Dico subito che ho votato Sì al referendum del dicembre 2017, e lo rifarei domattina perché ritengo giuste quelle riforme, molte delle quali care ai 5 stelle e ai forzisti di Berlusconi, che poi hanno votato contro, in spregio e per dispetto a Renzi. È chiaro che il segnale del dicembre anticipava la sorte di marzo, non nelle dimensioni catastrofiche, ma l’anticipava. I voti delle europee stavano evaporando e anche quelli del referendum, che pur erano il 40 per cento, nonostante la sconfitta. Perché? Perché, come accade nella vita, talvolta la stessa persona può essere una risorsa, come si usa dire, o diventare un problema. A Renzi, partendo dalla sua elezione alla segreteria del Pd e poi al suo ruolo di premier, è successo proprio questo.

Perché? Aridaje, come dicono a Roma. Perché il suo buon governo non ha incrociato le aspettative del popolo. Renzi ha cercato di modernizzare il Paese, nello schema della globalizzazione mondiale e dell’Europa, ma non lo ha spiegato a coloro che, anche a sinistra, diffidano della globalizzazione e dell’Europa. Renzi era stato il Giovanni Battista di Macron, ma l’America già stava giubilando gli Obama e i Clinton per aprire le porte a Trump. Lui, Renzi, aveva pensato che centomila assunzioni di insegnanti, gli 80 euro, la rottura dell’articolo 18 e il milione dei posti di lavoro in più erano un premio alla sua politica. Le idee le aveva chiare, la sua capacità di affabulazione è incontestabile, la sua squadra di partito e di governo era decisa e serrata. Ma non è bastato.
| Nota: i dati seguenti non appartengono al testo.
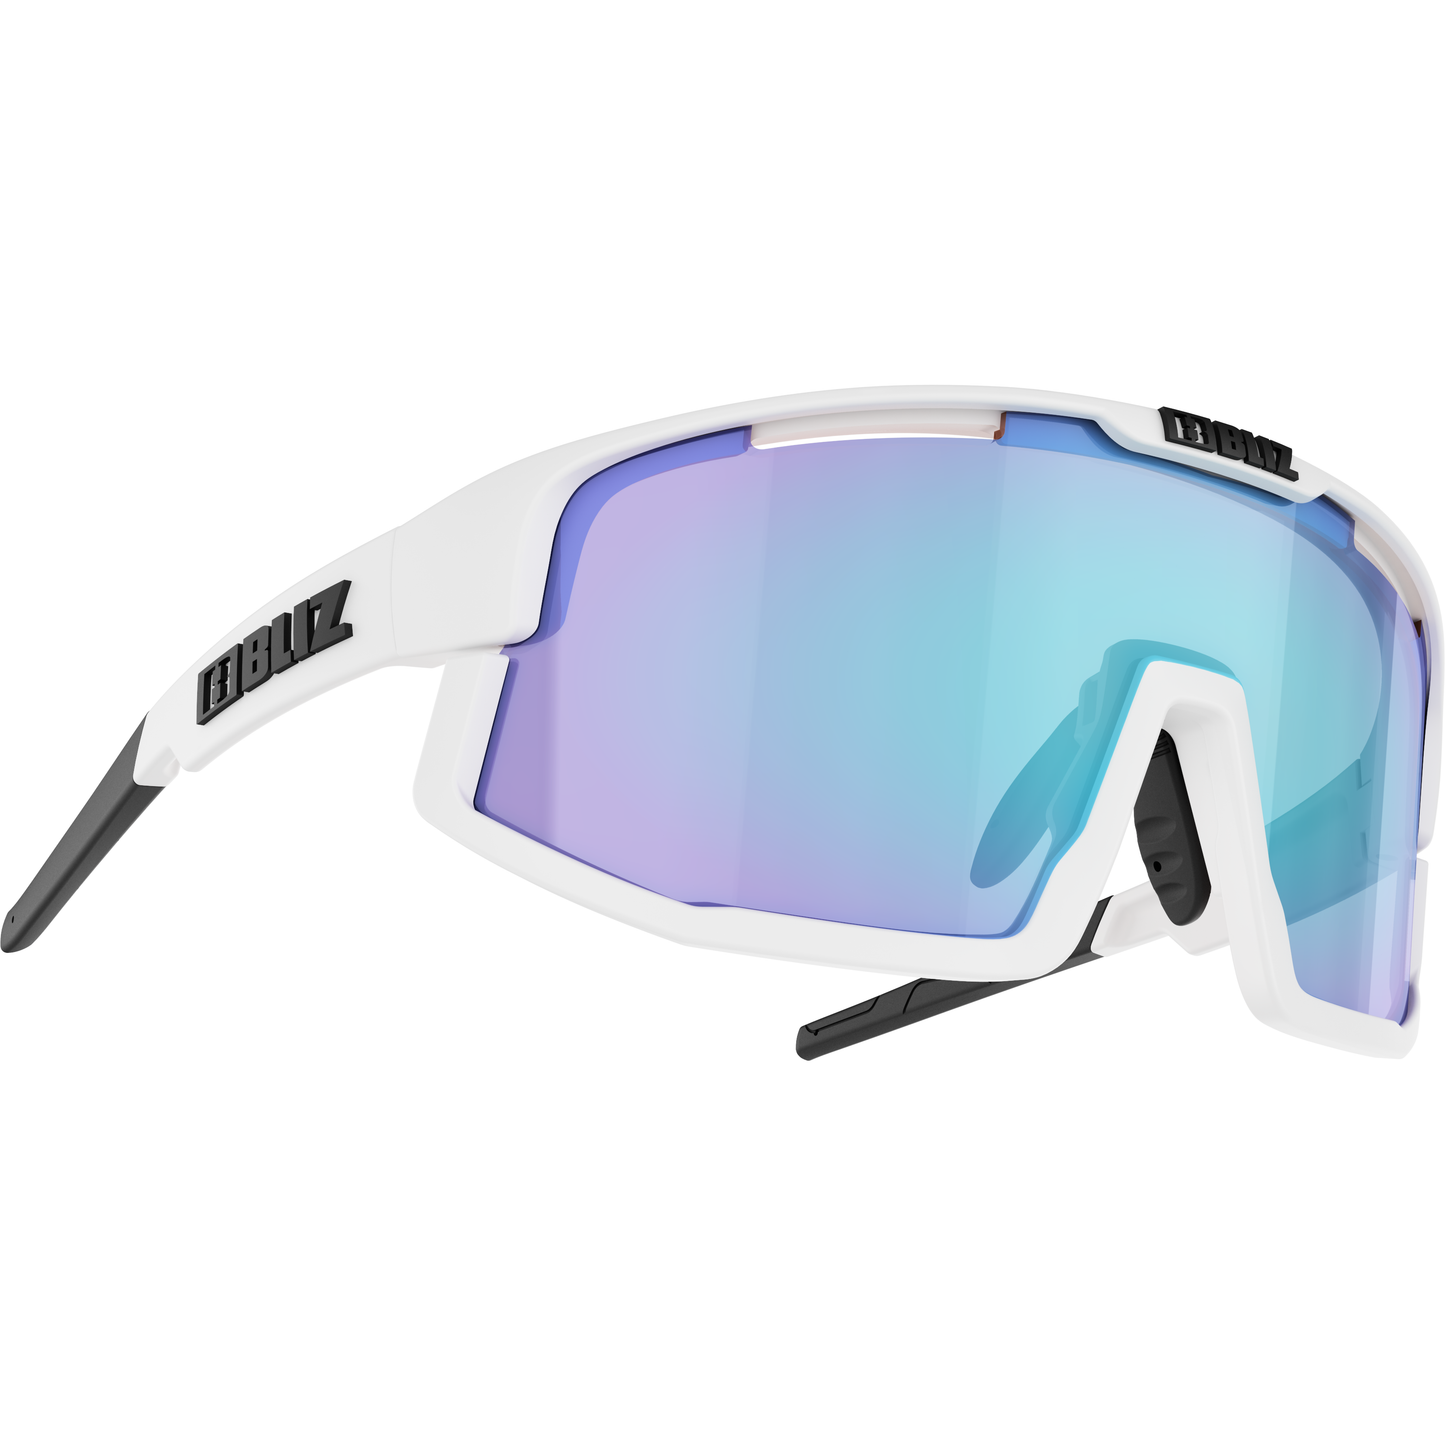 BLIZ Sunglasses One Size Vision, Matt White / Smoke with Blue
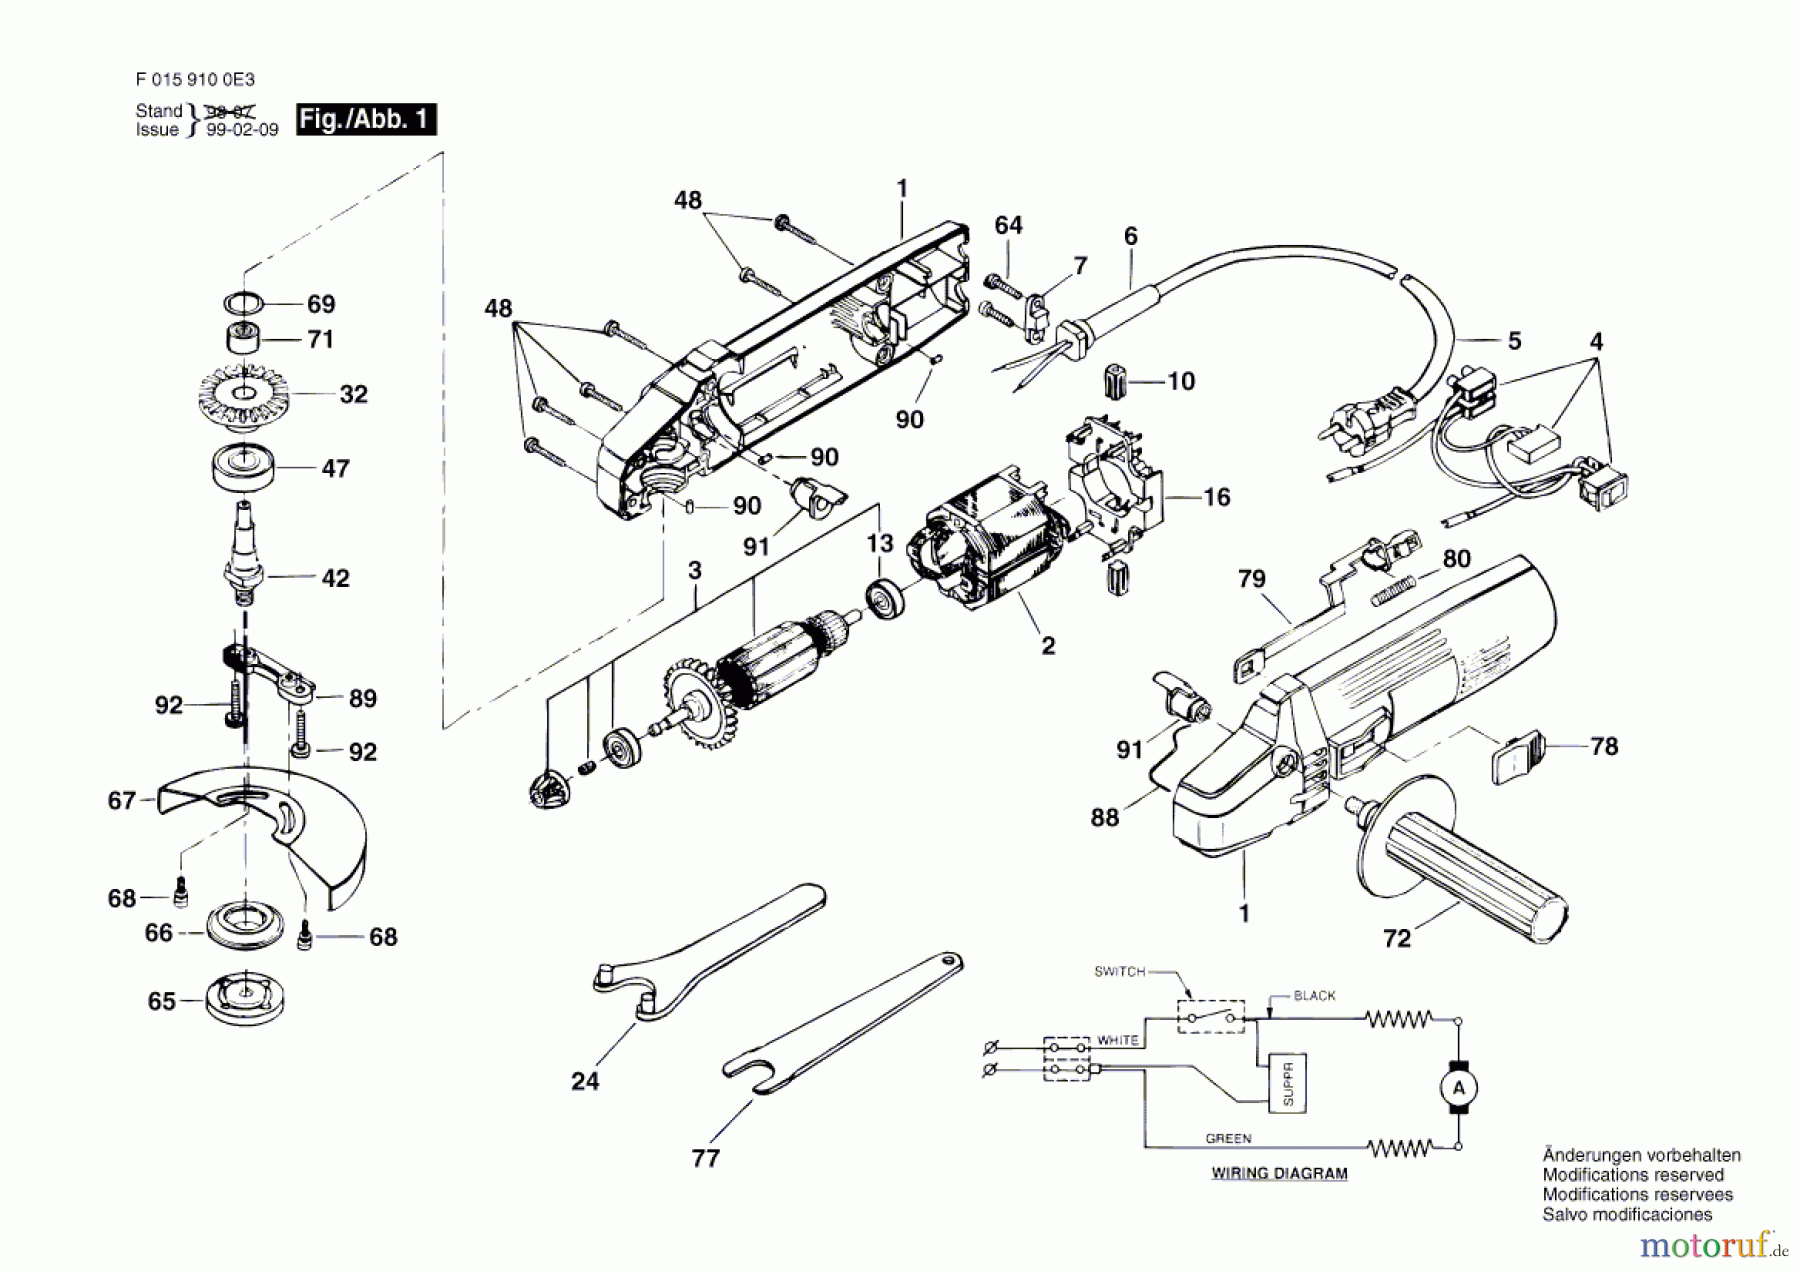  Bosch Werkzeug Winkelschleifer 9100H3 Seite 1

Insomma, rottamati i D’Alema e compagni, il partito dei moderati che guarda a sinistra pensava di aver ricreato lo schema europeo all’infinito: socialdemocratici di qua, popolari di là. Il tentativo del Nazzareno, l’intesa con Berlusconi, aveva avuto vita malaticcia e breve. Berlusconi è maestro dei patti che finiscono a coda di pesce (chiedere al D’Alema della crostata famosa).

E adesso? La domanda non è priva di logica. Adesso il PD fatica a raccapezzarsi. Renzi è come il Cristo dell’ancora un poco e non mi vedrete, e ancora un poco e mi vedrete. Le sue truppe, e i “malvagi” del cerchio magico, resistono ma non resisteranno all’infinito. Il prestigio del leader fiorentino è appannato ma non rottamato. Nel partito, fra sconcerto e confusione, qualcuno vorrebbe tornare nelle piazze per capire da dove ricominciare. Il dubbio che serpeggia è un domani con gli stessi simboli e le stesse bandiere, o se non sia meglio allargare a un fronte unico europeista e antifascista. Nel mio piccolissimo, credo che sarebbe la soluzione migliore, così per mio gusto personale. Ma uno vale uno, piuttosto pochino.

Renzi, che se ne fa? Tocca a lui decidere che farsene. Non mi sorprenderebbe che, in questa sua ossessione rottamatrice, rottamasse anche se stesso.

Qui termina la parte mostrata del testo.